The following sample source documents:
<?xml version="1.0" encoding="UTF-8"?> <?xml-stylesheet type="text/css" href="mystyles.css"?> <Root> <s01:Person xmlns:s01="http://www.root.org"> <Name attr="yx">yaoxin</Name> <DOB>1990-04-25</DOB> </s01:Person> </Root>
For this source document, the previous method produces the following output:
DHC-APP>w ##class(PHA.TEST.Xml).WriteNodes("E:\temp\textReader.txt") Node 1 is a(n) processinginstruction named: xml-stylesheet path: value: type="text/css" href="mystyles.css" Node 2 is a(n) element named: Root path: /Root Node 3 is a(n) startprefixmapping named: s01 path: /Root value: s01 http://www.root.org Node 4 is a(n) element named: s01:Person path: /Root/s01:Person Node 5 is a(n) element named: Name path: /Root/s01:Person/Name Node 6 is a(n) chars and has no name path: /Root/s01:Person/Name value: yaoxin Node 7 is a(n) endelement named: Name path: /Root/s01:Person/Name Node 8 is a(n) element named: DOB path: /Root/s01:Person/DOB Node 9 is a(n) chars and has no name path: /Root/s01:Person/DOB value: 1990-04-25 Node 10 is a(n) endelement named: DOB path: /Root/s01:Person/DOB Node 11 is a(n) endelement named: s01:Person path: /Root/s01:Person Node 12 is a(n) endprefixmapping named: s01 path: /Root value: s01 Node 13 is a(n) endelement named: Root path: /Root
Note that the comment has been ignored; By default,% XML Textreader ignores comments.
Example 2
The following example reads an XML file and lists each element in it
/// w ##class(PHA.TEST.Xml).ShowElements("E:\temp\textReader.txt") ClassMethod ShowElements(myfile As %String) { set status = ##class(%XML.TextReader).ParseFile(myfile,.textreader) if $$$ISERR(status) {do $System.Status.DisplayError(status) quit} while textreader.Read() { if (textreader.NodeType = "element") { write textreader.Name,! } } q "" }
This method uses the NodeType property to check the type of each node.
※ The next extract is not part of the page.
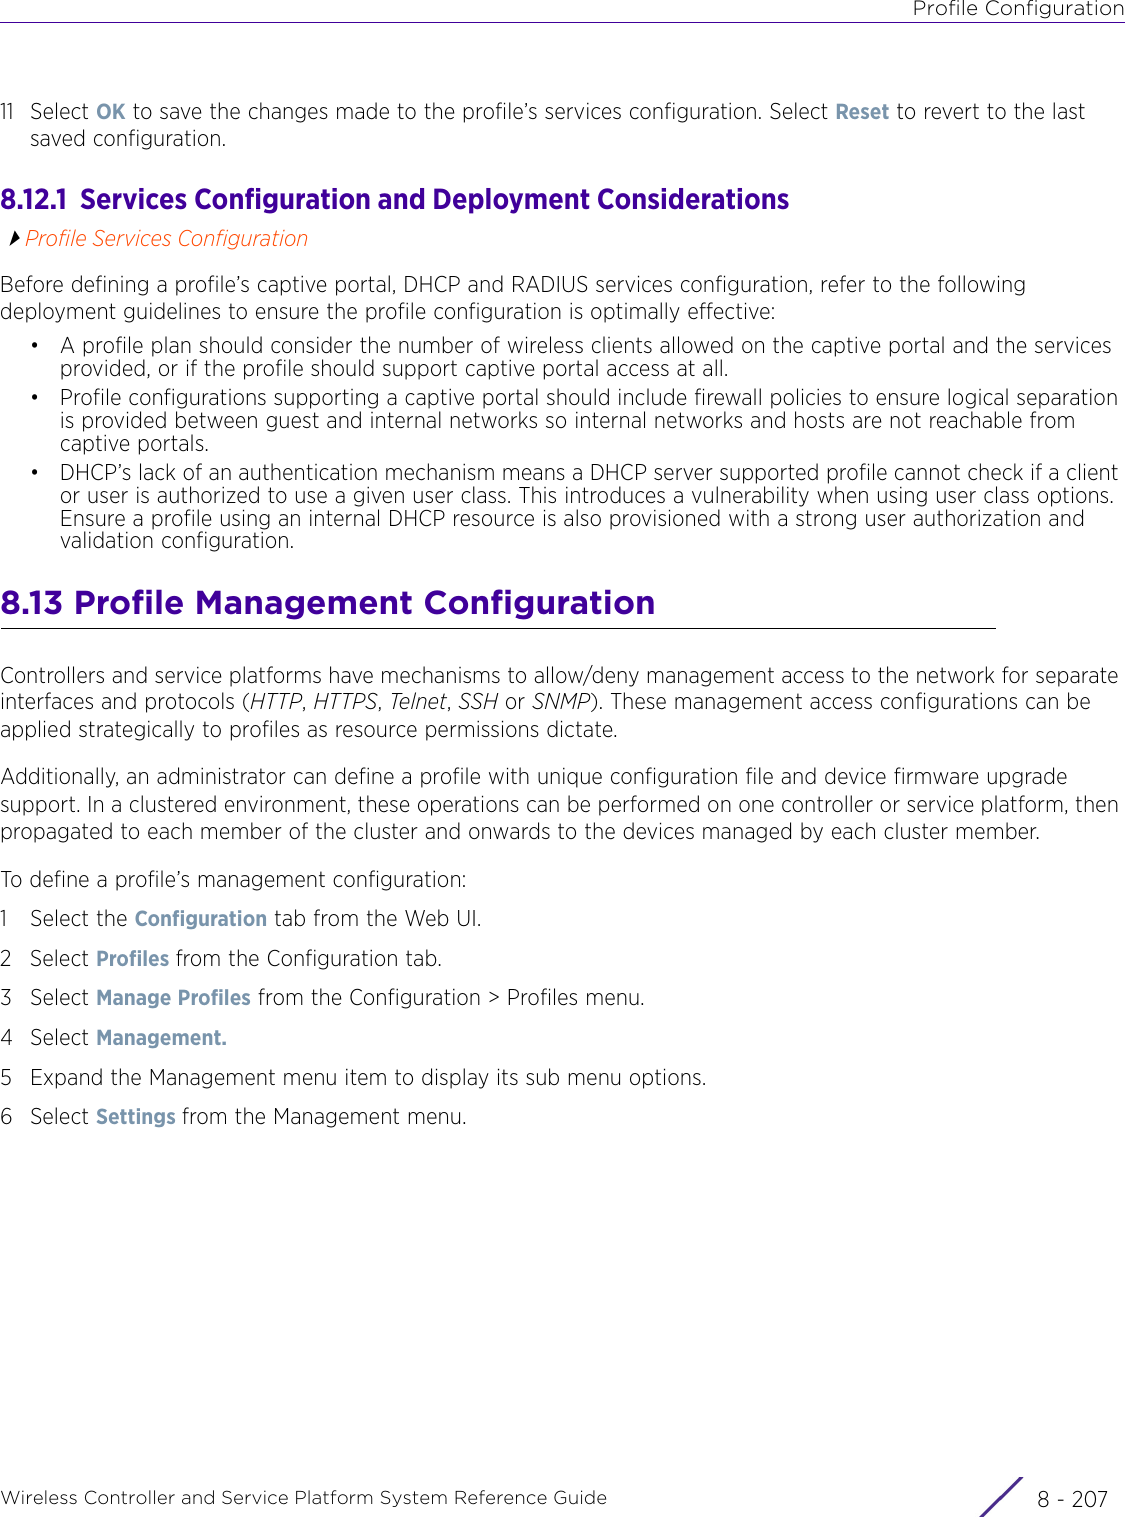 Profile ConfigurationWireless Controller and Service Platform System Reference Guide 8 - 20711 Select OK to save the changes made to the profile’s services configuration. Select Reset to revert to the last saved configuration.8.12.1  Services Configuration and Deployment ConsiderationsProfile Services ConfigurationBefore defining a profile’s captive portal, DHCP and RADIUS services configuration, refer to the following deployment guidelines to ensure the profile configuration is optimally effective: • A profile plan should consider the number of wireless clients allowed on the captive portal and the services provided, or if the profile should support captive portal access at all.• Profile configurations supporting a captive portal should include firewall policies to ensure logical separation is provided between guest and internal networks so internal networks and hosts are not reachable from captive portals.• DHCP’s lack of an authentication mechanism means a DHCP server supported profile cannot check if a client or user is authorized to use a given user class. This introduces a vulnerability when using user class options. Ensure a profile using an internal DHCP resource is also provisioned with a strong user authorization and validation configuration.8.13 Profile Management ConfigurationControllers and service platforms have mechanisms to allow/deny management access to the network for separate interfaces and protocols (HTTP, HTTPS, Telnet, SSH or SNMP). These management access configurations can be applied strategically to profiles as resource permissions dictate. Additionally, an administrator can define a profile with unique configuration file and device firmware upgrade support. In a clustered environment, these operations can be performed on one controller or service platform, then propagated to each member of the cluster and onwards to the devices managed by each cluster member.To define a profile’s management configuration:1 Select the Configuration tab from the Web UI.2Select Profiles from the Configuration tab.3Select Manage Profiles from the Configuration &gt; Profiles menu.4Select Management.5 Expand the Management menu item to display its sub menu options.6Select Settings from the Management menu.

If the node is an element, the method prints its name to the current device. For the XML source document shown earlier, this method generates the following output:
DHC-APP>w ##class(PHA.TEST.Xml).ShowElements("E:\temp\textReader.txt") Root s01:Person Name DOB
Node type
Each node of the document is one of the following types:
Node types in text reader documents
Type | Description |
---|---|
"attribute" | XML attributes. |
"chars" | A set of characters, such as the contents of an element.% n XML. The textreader class recognizes other node types (CDATA, EntityReference, and EndEntity), but automatically converts them to characters. |
"comment" | XML comments. |
"element" | The beginning of the XML element. |
"endelement" | The end of the XML element. |
"endprefixmapping" | Declares the end of the context for the namespace. |
"entity" | XML entity. |
"error" | Validation errors found by the parser. |
"ignorablewhitespace" | White space between tags in the mixed content model. |
"processinginstruction" | XML processing instructions. |
"startprefixmapping" | XML namespace declaration, which may or may not include namespaces. |
"warning" | The parser found validation warnings. |
Note that the XML element consists of multiple nodes. For example, the following XML fragment:
<Person> <Name>Willeke,Clint B.</Name> <DOB>1925-10-01</DOB> </Person>
The SAX parser treats this XML as a set of nodes:
Document node example
Node Number | Type of Node | Name of Node, If Any | Value of Node, If Any |
---|---|---|---|
1 | element | Person | |
2 | element | Name | |
3 | chars | Willeke,Clint B. | |
4 | endelement | Name | |
5 | element | DOB | |
6 | chars | 1925-10-01 | |
7 | endelement | DOB | |
8 | endelement | Person |
For example, note that the < DOB > element is considered to be three nodes: an element node, a character node, and an end element node. Also note that the content of this element can only be used as the value of the chars node.